The following reference was already included in the original draft (now reference 44): Shewade H D, Gupta V, Satyanarayana S, et al. Active case finding among marginalised and vulnerable populations reduces catastrophic costs due to tuberculosis diagnosis. Glob Health Action 2018; 11: 1494897. (p. 37, lines 838-841)

REVIEWER 1 COMMENT

11. The authors needs to provide reference for the embedded study design as design adopted here doesn't clearly fit into the classical embedded mixed-methods designs. There are two different components- Survey (with quantitative variables and descriptive details for few questions (considered as qualitative)) plus Review of documents. Please provide the reference if the current design is documented in detail elsewhere.

AUTHOR RESPONSE

We have rephrased and referenced this accordingly: “This was a mixed-methods study with an embedded design (Fig 1) [15], complemented by a document review.” (p. 6, lines 120-121)

REVIEWER 1 COMMENT

12. Line 110: Were the interviews always structured? No probes were used to explore more on the issues, when the participants tried to explain their selections (?qualitative data)? Whether this type of interviewing might have limited the exploration on a particular phenomenon?

AUTHOR RESPONSE

We wish to confirm that the interviews were indeed always structured. We have clarified this: “We implemented all surveys through structured interviews…” (p. 7, line 126)
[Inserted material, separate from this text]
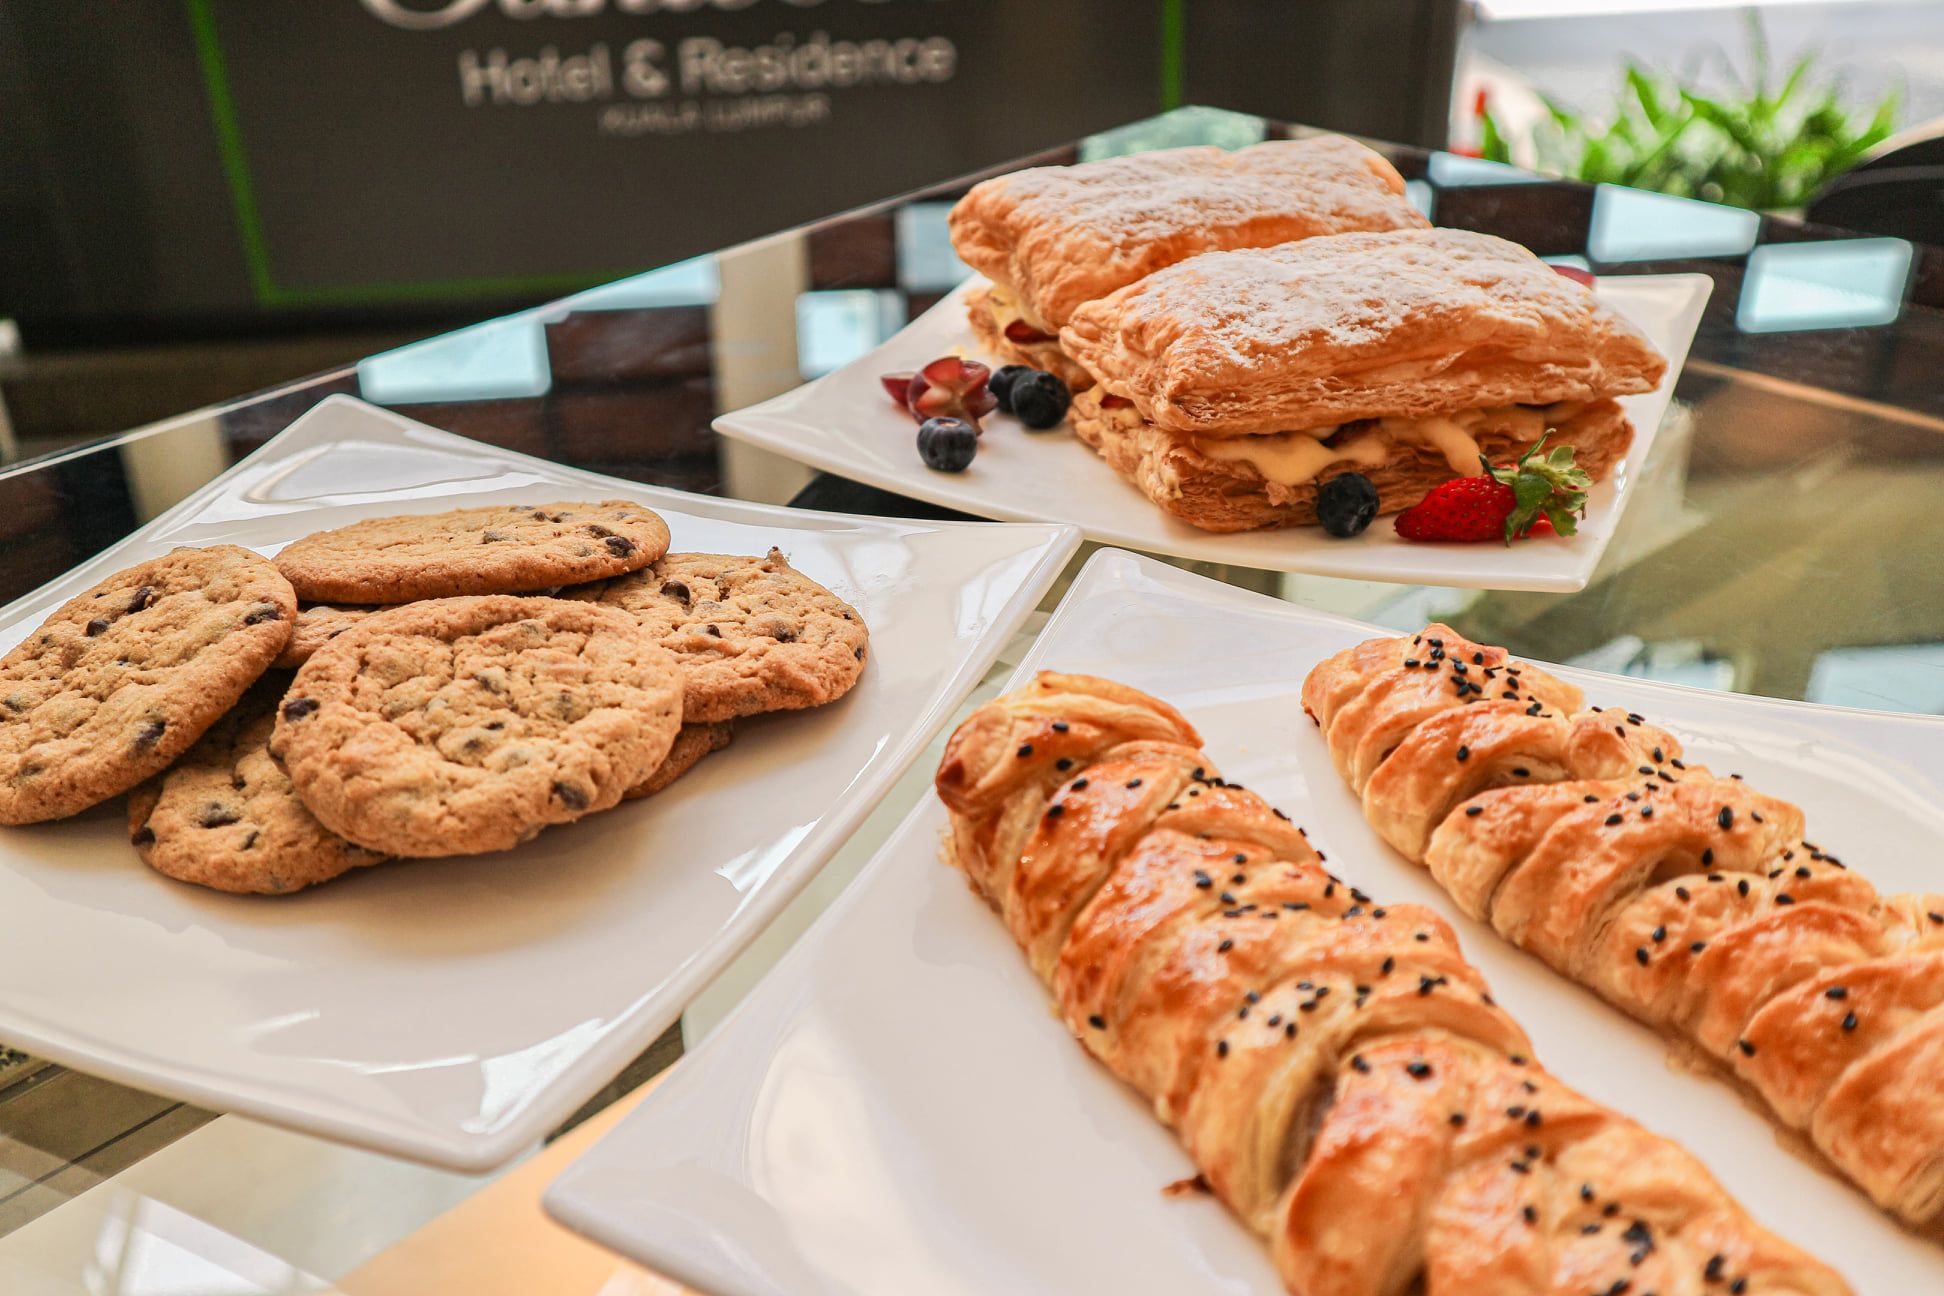 Pastry treats from ON-THE-GO meal services

No probes were used. We have clarified this here: “Question formats included Likert scales, lists, yes/no questions and open-ended questions (without probing questions).” (p. 9, line 167-168). Not using probes may have indeed limited the exploration of the open-ended questions more broadly. While we have highlighted the need for further research to explore some of the topics raised, we have also highlighted in the Limitations section how we think we may have compensated for this limitation: “…the validation process (i.e. sharing the filled-in surveys with the participants) helped us to ensure the quality and depth of the data from all interviews.” (p. 29, lines 666-668)

REVIEWER 1 COMMENT

13. Line 178: Whether second attempt was not made to complete the interview when the interview was discontinued due to bad connection?

AUTHOR RESPONSE

We have added that “several attempts were made to complete the survey but remained unsuccessful due to limited interest and/or time.” (p. 10, line 200-201) Indeed, we did try to set up follow-up calls via telephone or Skype. We also tried to schedule a physical meeting during an international conference and offered the possibility for the survey to be filled in online. However, none of these attempts were successful, which we suspect was due to limited interest and/or time.

REVIEWER 1 COMMENT

14. Line 189: What is the reason for conducting interviews in different settings and mode of communication. Was it based on the convenience of the NTP managers or the investigators? Could this difference in data collection influenced the data obtained?

AUTHOR RESPONSE

We have clarified the reason accordingly: “The primary investigator (OB) conducted ten interviews in person during international conferences, five at a WHO meeting, and eight on the phone/Skype, depending on the participants’ preferences.” (p. 11, lines 212-214)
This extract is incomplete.